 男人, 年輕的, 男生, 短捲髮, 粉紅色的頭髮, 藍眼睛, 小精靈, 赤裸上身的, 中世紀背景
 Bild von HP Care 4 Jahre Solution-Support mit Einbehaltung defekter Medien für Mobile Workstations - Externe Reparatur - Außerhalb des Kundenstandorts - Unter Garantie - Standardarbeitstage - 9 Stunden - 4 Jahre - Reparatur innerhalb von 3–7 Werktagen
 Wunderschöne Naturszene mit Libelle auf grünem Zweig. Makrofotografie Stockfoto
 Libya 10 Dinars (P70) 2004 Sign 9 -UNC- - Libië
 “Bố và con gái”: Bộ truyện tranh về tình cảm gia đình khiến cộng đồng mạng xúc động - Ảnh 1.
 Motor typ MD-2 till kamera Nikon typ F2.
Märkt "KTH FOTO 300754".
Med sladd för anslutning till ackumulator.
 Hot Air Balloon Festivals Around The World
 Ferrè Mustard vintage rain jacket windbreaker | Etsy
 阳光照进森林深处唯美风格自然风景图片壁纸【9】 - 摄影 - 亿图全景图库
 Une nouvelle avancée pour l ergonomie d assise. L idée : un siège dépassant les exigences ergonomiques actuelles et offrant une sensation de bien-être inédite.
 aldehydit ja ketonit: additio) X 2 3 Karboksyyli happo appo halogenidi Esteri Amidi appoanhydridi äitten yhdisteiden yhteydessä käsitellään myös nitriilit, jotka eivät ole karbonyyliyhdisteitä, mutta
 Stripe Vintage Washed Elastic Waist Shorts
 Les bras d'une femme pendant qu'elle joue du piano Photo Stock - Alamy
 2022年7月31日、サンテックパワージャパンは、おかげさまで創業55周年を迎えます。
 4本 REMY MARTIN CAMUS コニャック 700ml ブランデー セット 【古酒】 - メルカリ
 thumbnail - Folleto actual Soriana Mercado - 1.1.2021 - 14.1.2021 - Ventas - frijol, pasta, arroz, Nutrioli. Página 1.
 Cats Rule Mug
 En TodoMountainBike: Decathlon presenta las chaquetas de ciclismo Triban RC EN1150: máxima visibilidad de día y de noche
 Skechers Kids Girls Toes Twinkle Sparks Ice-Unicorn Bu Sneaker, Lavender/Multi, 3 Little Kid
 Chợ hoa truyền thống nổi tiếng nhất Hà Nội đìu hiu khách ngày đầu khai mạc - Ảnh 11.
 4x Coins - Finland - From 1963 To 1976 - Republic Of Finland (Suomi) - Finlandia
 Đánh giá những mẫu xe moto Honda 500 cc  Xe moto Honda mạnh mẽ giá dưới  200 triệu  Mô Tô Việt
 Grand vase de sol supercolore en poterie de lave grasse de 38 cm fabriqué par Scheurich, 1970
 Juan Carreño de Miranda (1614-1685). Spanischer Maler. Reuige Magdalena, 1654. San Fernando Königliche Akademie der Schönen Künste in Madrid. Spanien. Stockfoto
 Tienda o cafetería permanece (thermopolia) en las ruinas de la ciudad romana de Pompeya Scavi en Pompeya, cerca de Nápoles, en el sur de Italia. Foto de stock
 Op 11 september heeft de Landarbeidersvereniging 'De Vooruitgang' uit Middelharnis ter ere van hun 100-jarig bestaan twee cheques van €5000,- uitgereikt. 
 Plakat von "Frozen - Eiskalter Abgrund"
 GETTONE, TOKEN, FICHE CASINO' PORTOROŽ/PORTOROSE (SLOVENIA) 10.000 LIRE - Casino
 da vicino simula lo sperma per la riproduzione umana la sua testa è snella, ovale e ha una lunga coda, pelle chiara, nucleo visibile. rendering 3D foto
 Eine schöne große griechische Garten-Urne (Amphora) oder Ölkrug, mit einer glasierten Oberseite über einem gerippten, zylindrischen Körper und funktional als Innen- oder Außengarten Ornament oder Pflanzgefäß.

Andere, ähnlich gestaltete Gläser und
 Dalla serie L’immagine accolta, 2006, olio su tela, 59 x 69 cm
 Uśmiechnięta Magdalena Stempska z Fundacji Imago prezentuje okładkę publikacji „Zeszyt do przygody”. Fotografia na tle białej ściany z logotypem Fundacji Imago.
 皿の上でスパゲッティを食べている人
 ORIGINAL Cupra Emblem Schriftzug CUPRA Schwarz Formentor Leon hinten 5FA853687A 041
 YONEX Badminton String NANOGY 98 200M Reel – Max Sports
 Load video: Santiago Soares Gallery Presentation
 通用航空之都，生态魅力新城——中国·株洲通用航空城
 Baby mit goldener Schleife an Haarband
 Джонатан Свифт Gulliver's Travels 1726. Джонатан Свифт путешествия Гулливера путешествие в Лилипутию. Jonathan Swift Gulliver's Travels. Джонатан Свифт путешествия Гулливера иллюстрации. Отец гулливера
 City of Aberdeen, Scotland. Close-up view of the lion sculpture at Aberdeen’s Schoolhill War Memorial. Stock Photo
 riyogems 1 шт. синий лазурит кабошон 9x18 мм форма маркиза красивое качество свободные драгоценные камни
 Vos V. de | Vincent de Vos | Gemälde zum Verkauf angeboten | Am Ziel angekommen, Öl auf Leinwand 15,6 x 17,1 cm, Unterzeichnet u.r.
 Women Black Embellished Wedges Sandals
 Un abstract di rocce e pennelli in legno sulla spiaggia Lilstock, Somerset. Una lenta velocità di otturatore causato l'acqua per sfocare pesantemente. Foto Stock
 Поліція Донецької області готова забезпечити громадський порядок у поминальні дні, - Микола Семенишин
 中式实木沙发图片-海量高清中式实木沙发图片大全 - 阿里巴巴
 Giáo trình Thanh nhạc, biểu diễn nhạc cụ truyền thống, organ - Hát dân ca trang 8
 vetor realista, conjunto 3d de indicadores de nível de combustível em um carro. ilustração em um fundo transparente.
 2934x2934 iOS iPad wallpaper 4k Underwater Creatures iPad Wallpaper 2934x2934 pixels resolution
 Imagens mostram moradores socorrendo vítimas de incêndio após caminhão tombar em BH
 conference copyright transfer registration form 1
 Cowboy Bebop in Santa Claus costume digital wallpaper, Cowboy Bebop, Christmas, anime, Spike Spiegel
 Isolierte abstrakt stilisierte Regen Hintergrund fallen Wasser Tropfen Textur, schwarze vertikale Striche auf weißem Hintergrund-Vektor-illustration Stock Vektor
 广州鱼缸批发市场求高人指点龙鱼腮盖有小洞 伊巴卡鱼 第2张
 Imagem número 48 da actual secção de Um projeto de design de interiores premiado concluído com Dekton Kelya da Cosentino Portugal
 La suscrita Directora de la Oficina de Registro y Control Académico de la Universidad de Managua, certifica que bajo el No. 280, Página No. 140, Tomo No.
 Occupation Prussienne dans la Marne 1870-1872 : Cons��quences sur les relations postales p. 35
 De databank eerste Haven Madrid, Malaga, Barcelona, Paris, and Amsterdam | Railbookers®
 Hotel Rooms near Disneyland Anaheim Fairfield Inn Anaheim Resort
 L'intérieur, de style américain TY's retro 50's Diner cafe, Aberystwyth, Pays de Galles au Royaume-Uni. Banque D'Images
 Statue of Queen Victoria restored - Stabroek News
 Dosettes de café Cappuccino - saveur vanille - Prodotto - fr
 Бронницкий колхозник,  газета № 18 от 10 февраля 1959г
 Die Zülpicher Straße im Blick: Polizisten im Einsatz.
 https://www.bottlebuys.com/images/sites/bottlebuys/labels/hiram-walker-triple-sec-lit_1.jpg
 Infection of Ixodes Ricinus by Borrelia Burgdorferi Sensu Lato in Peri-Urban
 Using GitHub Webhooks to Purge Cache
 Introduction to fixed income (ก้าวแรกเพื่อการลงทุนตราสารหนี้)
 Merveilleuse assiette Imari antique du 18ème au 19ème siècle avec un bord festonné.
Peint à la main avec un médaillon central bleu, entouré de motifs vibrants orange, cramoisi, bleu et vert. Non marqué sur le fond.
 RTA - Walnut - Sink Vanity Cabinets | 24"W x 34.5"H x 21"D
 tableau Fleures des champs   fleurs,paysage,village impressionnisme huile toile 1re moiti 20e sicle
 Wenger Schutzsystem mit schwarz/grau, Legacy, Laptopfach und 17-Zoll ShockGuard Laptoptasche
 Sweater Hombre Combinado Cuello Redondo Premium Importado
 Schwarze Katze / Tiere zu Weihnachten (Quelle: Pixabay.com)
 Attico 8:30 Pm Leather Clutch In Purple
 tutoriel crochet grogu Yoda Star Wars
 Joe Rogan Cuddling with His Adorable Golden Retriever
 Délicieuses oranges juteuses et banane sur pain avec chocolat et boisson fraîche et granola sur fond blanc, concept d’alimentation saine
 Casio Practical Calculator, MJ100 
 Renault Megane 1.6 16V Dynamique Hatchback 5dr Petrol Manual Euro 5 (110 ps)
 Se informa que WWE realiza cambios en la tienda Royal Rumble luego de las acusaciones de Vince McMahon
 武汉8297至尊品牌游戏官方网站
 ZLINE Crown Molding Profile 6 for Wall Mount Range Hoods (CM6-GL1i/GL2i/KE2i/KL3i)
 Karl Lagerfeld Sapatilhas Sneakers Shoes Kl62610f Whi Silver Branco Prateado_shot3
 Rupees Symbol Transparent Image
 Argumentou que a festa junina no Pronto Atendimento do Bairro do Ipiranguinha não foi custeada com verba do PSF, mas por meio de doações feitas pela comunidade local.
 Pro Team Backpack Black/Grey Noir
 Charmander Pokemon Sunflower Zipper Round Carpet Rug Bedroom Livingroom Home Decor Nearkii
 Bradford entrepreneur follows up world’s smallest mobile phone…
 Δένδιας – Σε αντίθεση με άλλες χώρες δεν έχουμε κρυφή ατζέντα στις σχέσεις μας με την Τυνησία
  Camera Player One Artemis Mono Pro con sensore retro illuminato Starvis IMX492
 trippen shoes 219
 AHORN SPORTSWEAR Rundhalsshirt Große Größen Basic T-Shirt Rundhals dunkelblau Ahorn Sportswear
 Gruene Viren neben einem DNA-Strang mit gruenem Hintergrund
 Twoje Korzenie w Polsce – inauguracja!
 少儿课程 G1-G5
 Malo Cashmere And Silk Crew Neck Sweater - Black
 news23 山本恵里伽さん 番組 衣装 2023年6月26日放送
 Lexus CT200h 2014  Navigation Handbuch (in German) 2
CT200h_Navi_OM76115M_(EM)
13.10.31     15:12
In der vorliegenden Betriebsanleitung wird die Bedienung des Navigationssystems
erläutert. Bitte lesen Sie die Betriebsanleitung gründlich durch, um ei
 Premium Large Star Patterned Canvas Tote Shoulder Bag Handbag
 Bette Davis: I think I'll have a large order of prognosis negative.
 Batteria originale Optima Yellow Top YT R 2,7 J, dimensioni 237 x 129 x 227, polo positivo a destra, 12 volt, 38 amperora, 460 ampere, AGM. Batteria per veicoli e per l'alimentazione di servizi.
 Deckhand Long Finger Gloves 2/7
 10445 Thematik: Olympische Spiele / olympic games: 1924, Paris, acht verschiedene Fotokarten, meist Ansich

····················

• [Description of the task]: Output exactly the lines of the material above from the one containing "Поліція Донецької області" up to and including the one containing "Merveilleuse assiette Imari".

• [The answer]:
 Поліція Донецької області готова забезпечити громадський порядок у поминальні дні, - Микола Семенишин
 中式实木沙发图片-海量高清中式实木沙发图片大全 - 阿里巴巴
 Giáo trình Thanh nhạc, biểu diễn nhạc cụ truyền thống, organ - Hát dân ca trang 8
 vetor realista, conjunto 3d de indicadores de nível de combustível em um carro. ilustração em um fundo transparente.
 2934x2934 iOS iPad wallpaper 4k Underwater Creatures iPad Wallpaper 2934x2934 pixels resolution
 Imagens mostram moradores socorrendo vítimas de incêndio após caminhão tombar em BH
 conference copyright transfer registration form 1
 Cowboy Bebop in Santa Claus costume digital wallpaper, Cowboy Bebop, Christmas, anime, Spike Spiegel
 Isolierte abstrakt stilisierte Regen Hintergrund fallen Wasser Tropfen Textur, schwarze vertikale Striche auf weißem Hintergrund-Vektor-illustration Stock Vektor
 广州鱼缸批发市场求高人指点龙鱼腮盖有小洞 伊巴卡鱼 第2张
 Imagem número 48 da actual secção de Um projeto de design de interiores premiado concluído com Dekton Kelya da Cosentino Portugal
 La suscrita Directora de la Oficina de Registro y Control Académico de la Universidad de Managua, certifica que bajo el No. 280, Página No. 140, Tomo No.
 Occupation Prussienne dans la Marne 1870-1872 : Cons��quences sur les relations postales p. 35
 De databank eerste Haven Madrid, Malaga, Barcelona, Paris, and Amsterdam | Railbookers®
 Hotel Rooms near Disneyland Anaheim Fairfield Inn Anaheim Resort
 L'intérieur, de style américain TY's retro 50's Diner cafe, Aberystwyth, Pays de Galles au Royaume-Uni. Banque D'Images
 Statue of Queen Victoria restored - Stabroek News
 Dosettes de café Cappuccino - saveur vanille - Prodotto - fr
 Бронницкий колхозник,  газета № 18 от 10 февраля 1959г
 Die Zülpicher Straße im Blick: Polizisten im Einsatz.
 https://www.bottlebuys.com/images/sites/bottlebuys/labels/hiram-walker-triple-sec-lit_1.jpg
 Infection of Ixodes Ricinus by Borrelia Burgdorferi Sensu Lato in Peri-Urban
 Using GitHub Webhooks to Purge Cache
 Introduction to fixed income (ก้าวแรกเพื่อการลงทุนตราสารหนี้)
 Merveilleuse assiette Imari antique du 18ème au 19ème siècle avec un bord festonné.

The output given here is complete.